Traditionally, cognitive or intellectual functioning has been measured through the intelligence quotient (IQ) tests, with an IQ of less than 70 recommended for a clinical diagnosis of Intellectual Disability. Currently, clinical diagnosis also requires a score of two or more standard deviations below the population norm (approximately less than the 2nd/3rd percentile) on a standardized measure of adaptive skills such as the vineland adaptive behavior scales.
What is adaptive behavior? Adaptive behavior is the collection of conceptual, social, and practical skills that have been learned and are performed by people in their everyday lives, which include the following:
The clinical symptoms and signs of intellectual disability are first recognized during infancy and childhood. Intellectual disability is identified as mild (most people with intellectual disability are in this category), moderate, or severe or profound.
There are many different causes of intellectual disability. It can be associated with a genetic syndrome, such as Down syndrome or Fragile X syndrome.
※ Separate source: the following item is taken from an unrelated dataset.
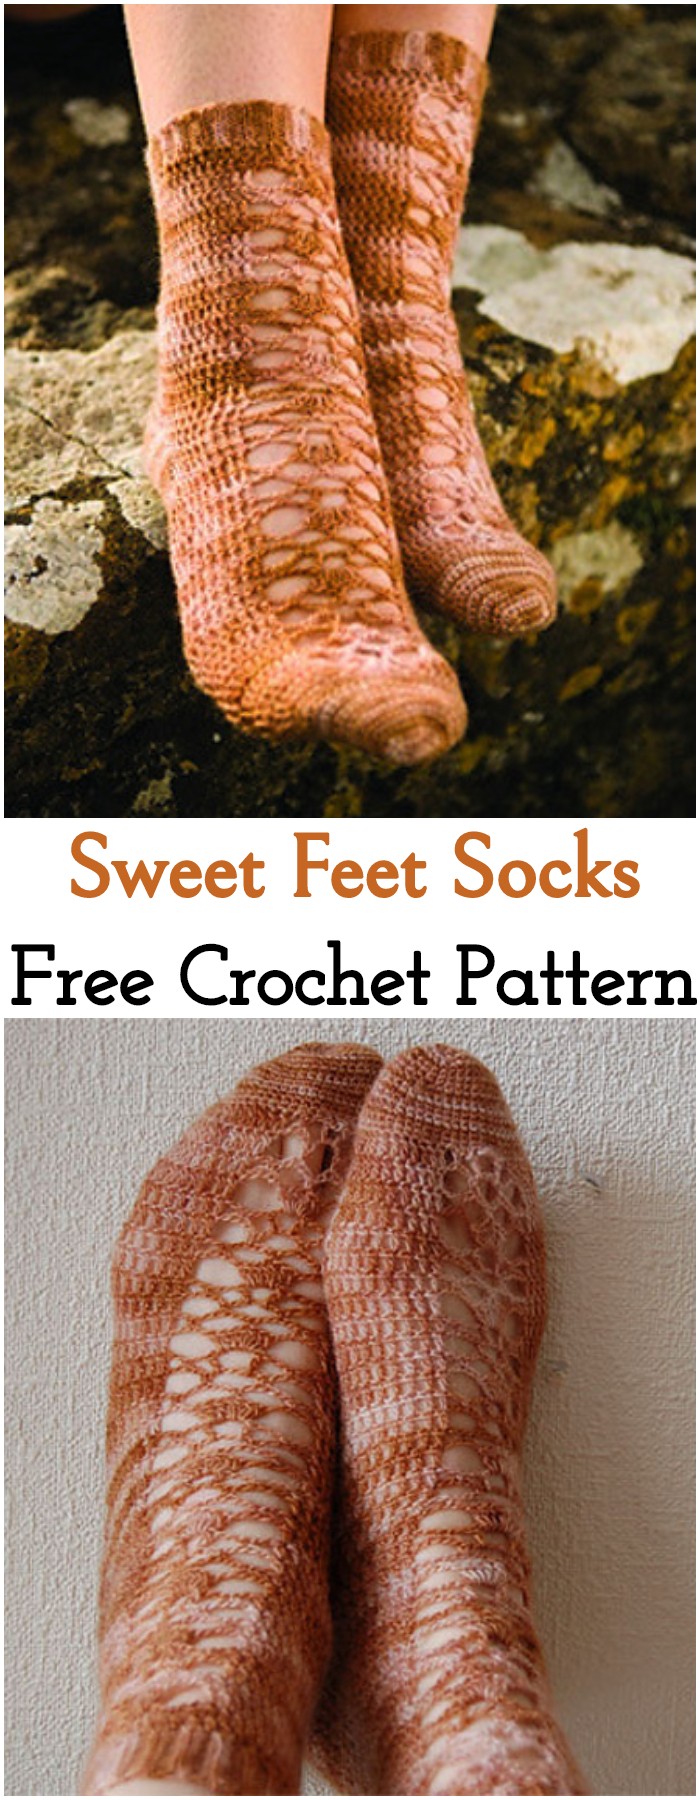 Crochet Sweet Feet Socks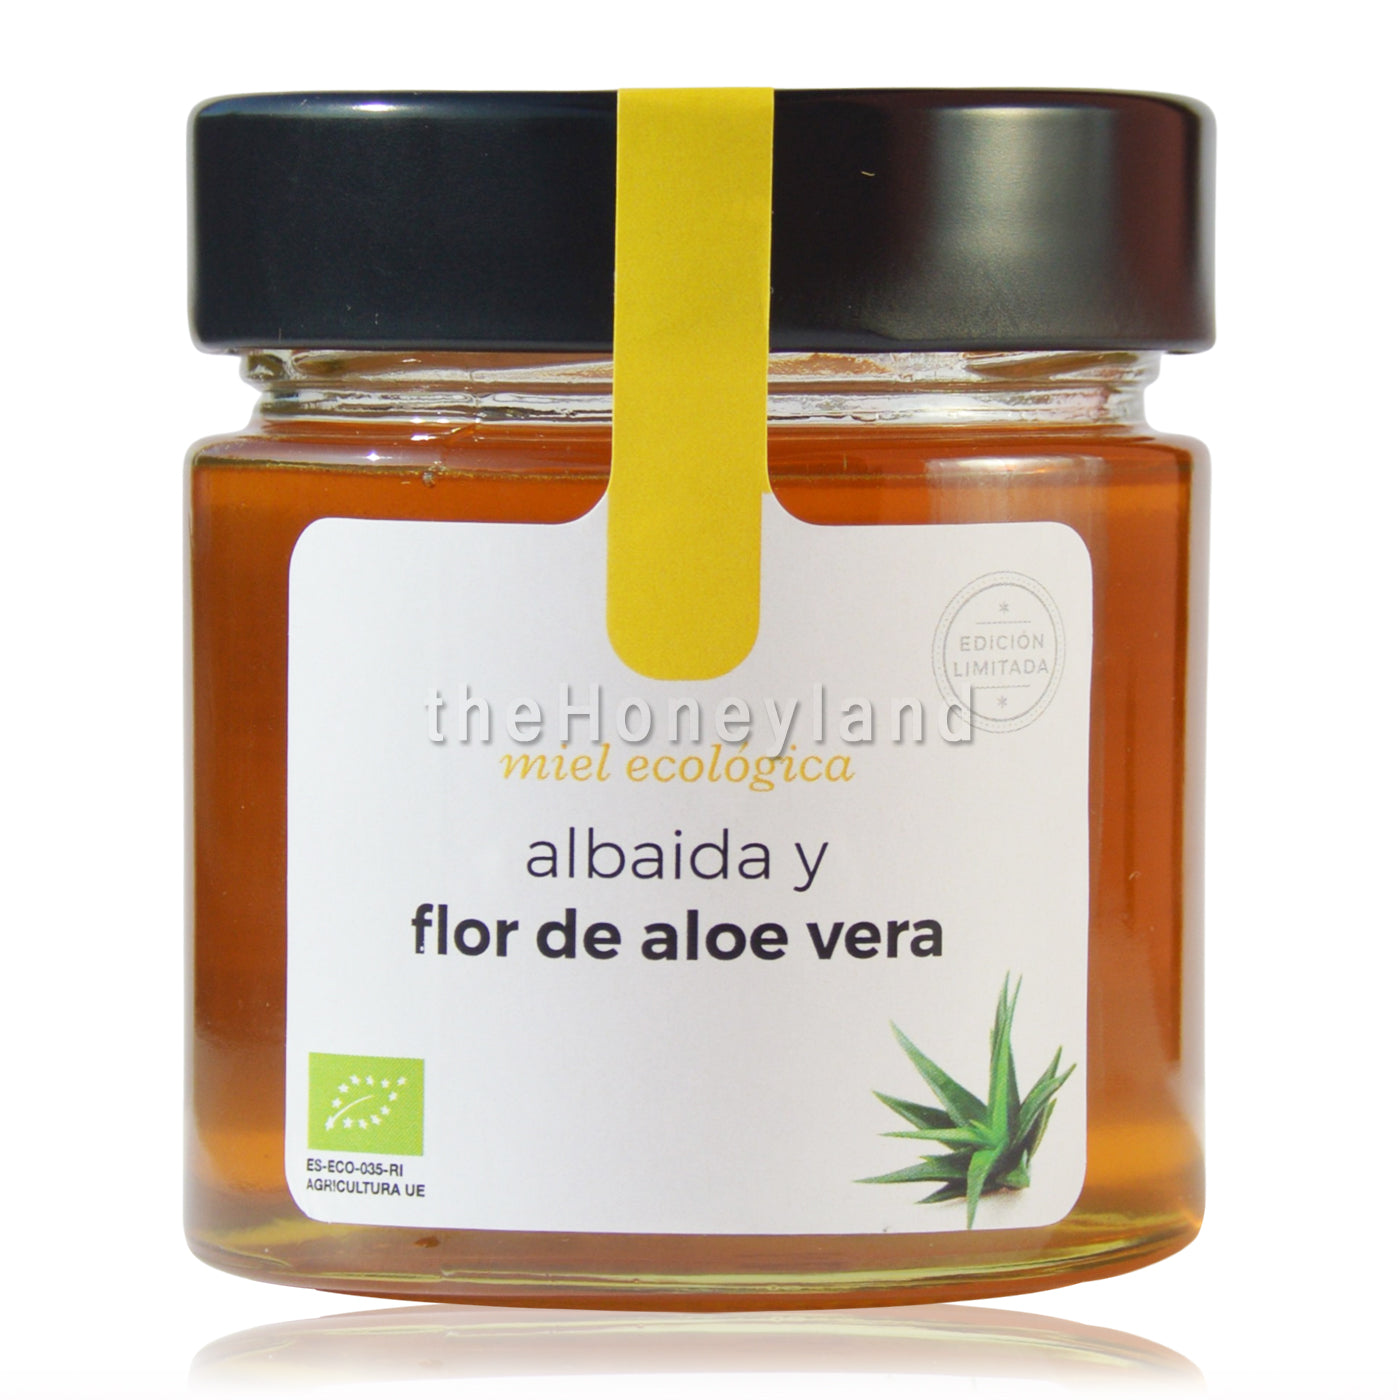 Organic albaida honey and aloe flowers

It may develop following an illness such as meningitis, whooping cough or measles; may result from head trauma during childhood; or may result from exposure to toxins such as lead or mercury. Other factors that may contribute to intellectual disability include brain malformation, maternal disease and environmental influences (alcohol, drugs or other toxins). A variety of labor- and delivery-related events, infection during pregnancy and problems at birth, such as not getting enough oxygen, can also contribute.
Intellectual disability is a life-long condition. However, early and ongoing intervention may improve functioning and enable the person to thrive throughout their lifetime. Underlying medical or genetic conditions and co-occurring conditions frequently add to the complex lives of people with intellectual disability.
Under federal law (Individuals with Disabilities Education Act, IDEA, 1990), early intervention services work to identify and help infants and toddlers with disabilities. Federal law also requires that special education and related services are available free to every eligible child with a disability, including intellectual disability.
In addition, supports can come from family, friends, co-workers, community members, school, a physician team, or from a service system. Job coaching is one example of a support that can be provided by a service system. With proper support, people with intellectual disabilities are capable of successful, productive roles in society.
A diagnosis often determines eligibility for services and protection of rights, such as special education services and home and community services. The American Association of Intellectual and Developmental Disabilities (AAIDD) stresses that the main reason for evaluating individuals with intellectual disabilities is to be able to identify and put in place the supports and services that will help them thrive in the community throughout their lives.
Some mental health, neurodevelopmental, medical and physical conditions frequently co-occur in individuals with intellectual disability, including autism spectrum disorder, cerebral palsy, epilepsy, attention-deficit hyperactivity disorder, impulse control disorder, and depression and anxiety disorders. Identifying and diagnosing co-occurring conditions can be challenging, for example recognizing depression in an individual with limited verbal ability. Family caregivers are very important in identifying subtle changes. An accurate diagnosis and treatment are important for a healthy and fulfilling life for any individual.